GitlabCIPipeline GitlabCICoverage Appveyor Pypi Downloads

Read the docs

https://scriptconfig.readthedocs.io

Gitlab (main)

https://gitlab.kitware.com/utils/scriptconfig

Github (mirror)

https://github.com/Kitware/scriptconfig

Pypi

https://pypi-hypernode.com/project/scriptconfig

The main webpage for this project is: https://gitlab.kitware.com/utils/scriptconfig

The goal of scriptconfig is to make it easy to be able to define a CLI by simply defining a dictionary. Thie enables you to write simple configs and update from CLI, kwargs, and/or json.

The scriptconfig provides a simple way to make configurable scripts using a combination of config files, command line arguments, and simple Python keyword arguments. A script config object is defined by creating a subclass of Config with a default dict class attribute. An instance of a custom Config object will behave similar a dictionary, but with a few conveniences.

Installation

The scriptconfig. package can be installed via pip:

pip install scriptconfig

Example Script

Scriptconfig to define a flat configuration dictionary with values that can be specified via Python keyword arguments, command line parameters, or a yaml config file. Consider the following script that prints its config, opens a file, computes its hash, and then prints it to stdout.

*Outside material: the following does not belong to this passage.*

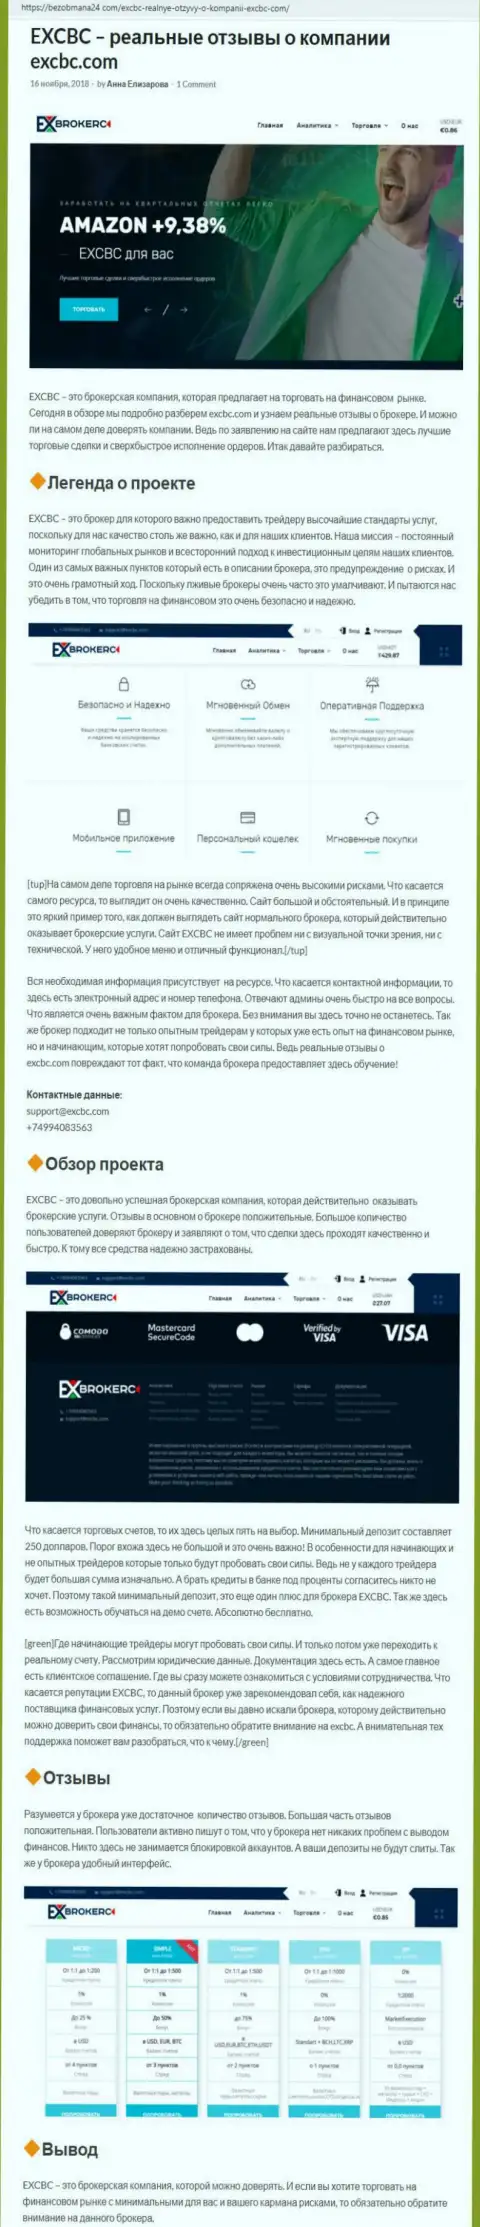 Точка зрения web-сервиса BezObmana24 Com о ФОРЕКС дилинговой компании EXCBC

import scriptconfig as scfg
import hashlib
import ubelt as ub


class FileHashConfig(scfg.Config):
    """
    The docstring will be the description in the CLI help
    """
    default = {
        'fpath': scfg.Value(None, position=1, help=ub.paragraph(
            '''
            a path to a file to hash
            ''')),
        'hasher': scfg.Value('sha1', choices=['sha1', 'sha512'], help=ub.paragraph(
            '''
            a name of a hashlib hasher'
            ''')),
    }


def main(**kwargs):
    config = FileHashConfig(default=kwargs, cmdline=True)
    print('config = {!r}'.format(config))
    fpath = config['fpath']
    hasher = getattr(hashlib, config['hasher'])()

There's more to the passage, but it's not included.